The CdTe solar cell in the related art adopts a Cu-containing back contact structure to connect the electrode and CdTe, but still suffers from the problems of low photoelectric efficiency and poor stability.

Disclosure of Invention

The purpose of the present application includes providing a thin film solar cell and a method for manufacturing the same, which has high photoelectric conversion efficiency and good performance stability.

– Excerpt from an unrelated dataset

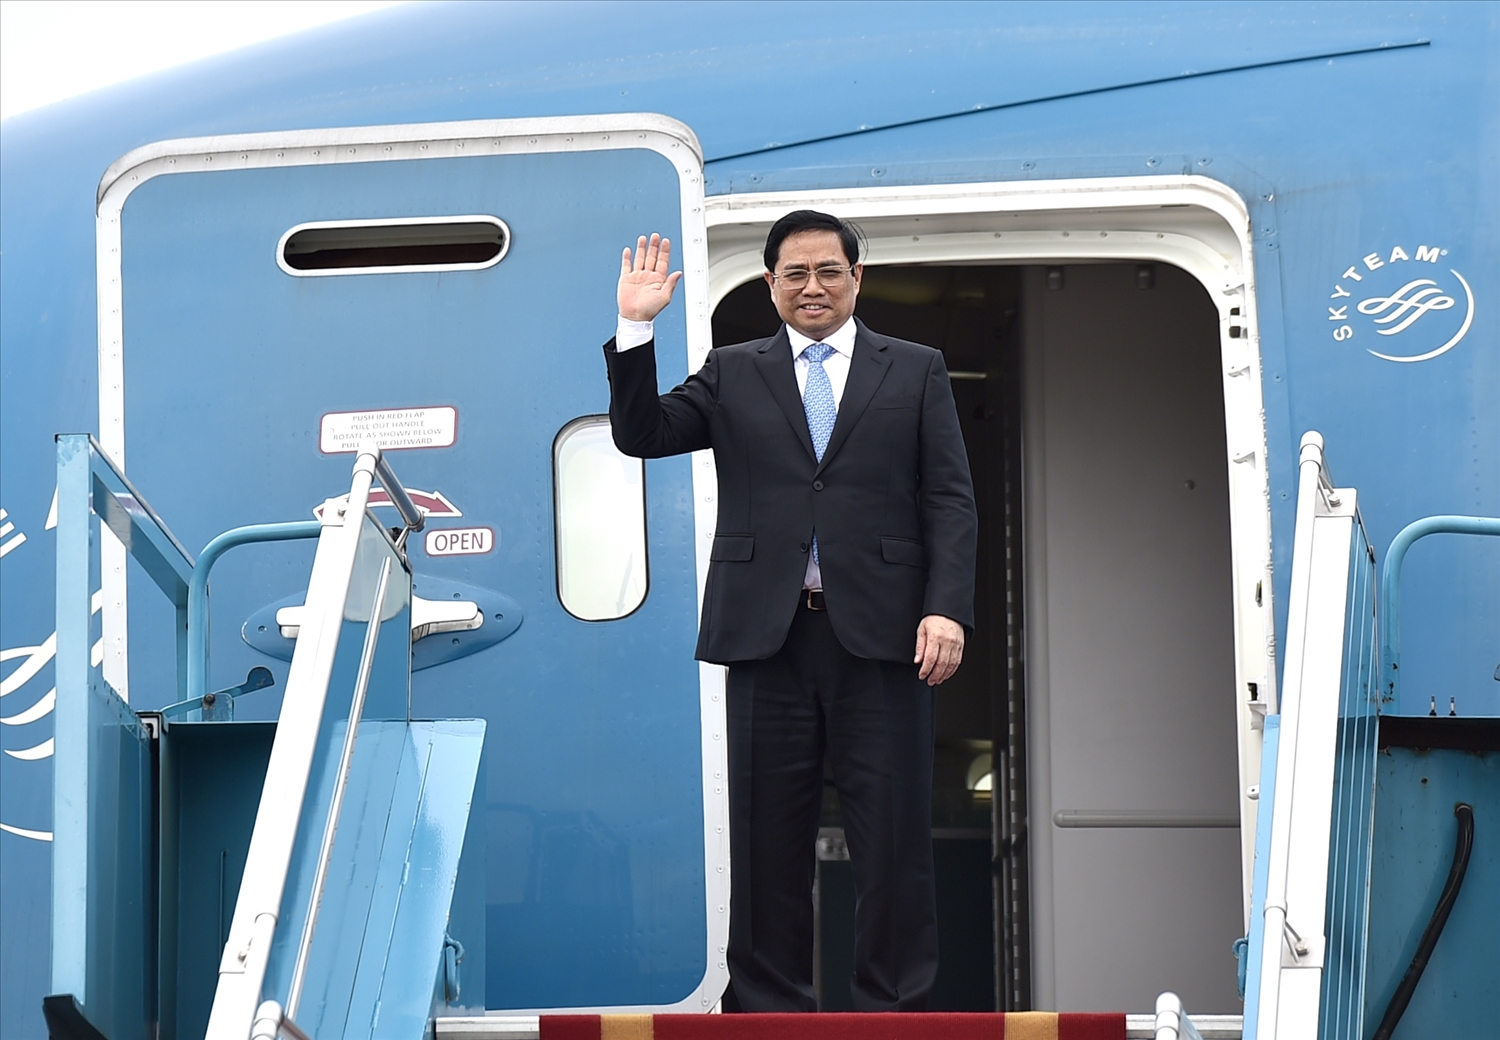 Thủ tướng Chính phủ Phạm Minh Chính và đoàn đại biểu cấp cao Việt Nam rời Hà Nội, lên đường thăm chính thức Nhật Bản theo lời mời của Thủ tướng Nhật Bản Kishida Fumio. Ảnh: VGP/Nhật Bắc

The embodiment of the application can be realized as follows:

in a first aspect, the present application provides a thin film solar cell, including a front electrode layer, and an absorption layer, a back contact layer, and a back electrode layer sequentially stacked, where the absorption layer and the back contact layer are located between the front electrode layer and the back electrode layer;

the absorbing layer comprises a CdTe layer in contact with the back contact layer, and the back contact layer comprises an As-doped ZnTe layer in contact with the back electrode layer.

In an alternative embodiment, the back contact layer further comprises a ZnTe intrinsic layer, both sides of which contact the As-doped ZnTe layer and the absorption layer, respectively.

In an alternative embodiment, the back contact layer further comprises an Ag-doped ZnTe layer, both sides of the Ag-doped ZnTe layer contacting the As-doped ZnTe layer and the absorber layer, respectively.

In an optional embodiment, the thin film solar cell further comprises a buffer layer disposed between the absorption layer and the front electrode layer, the buffer layer being SnO₂And (3) a layer.

In an alternative embodiment, the absorber layer further comprises CdSe disposed in superimposition with the CdTe layer_xTe_1-xLayer of CdSe_xTe_1-xThe layer contacts the side of the CdTe layer facing away from the back contact layer.

In an alternative embodiment, the front electrode layer is a TCO layer.

In an alternative embodiment, the back electrode layer comprises MoOs arranged in a stack in sequence_xLayer, Al layer and Cr layer, MoO_xThe layer is in contact with the back contact layer.

In a second aspect, the present application provides a method for manufacturing a thin film solar cell, including:

manufacturing a front electrode layer on a substrate;

manufacturing an absorption layer by using a thermal evaporation method, wherein the absorption layer is positioned above the front electrode layer and comprises a CdTe layer;

manufacturing a back contact layer on the CdTe layer by using a thermal evaporation method or a magnetron sputtering method, wherein the back contact layer comprises an As-doped ZnTe layer;

and manufacturing a back electrode layer on the As-doped ZnTe layer.

In an alternative embodiment, the step of fabricating a front electrode layer on a substrate includes:

manufacturing a TCO layer on the substrate by using a magnetron sputtering method to obtain a front electrode layer;

after the front electrode layer is manufactured and before the absorption layer is manufactured, the manufacturing method further comprises the following steps:

a buffer layer for connecting the front electrode layer and the absorption layer is manufactured on the front electrode layer by a magnetron sputtering method, and the buffer layer is SnO₂And (3) a layer.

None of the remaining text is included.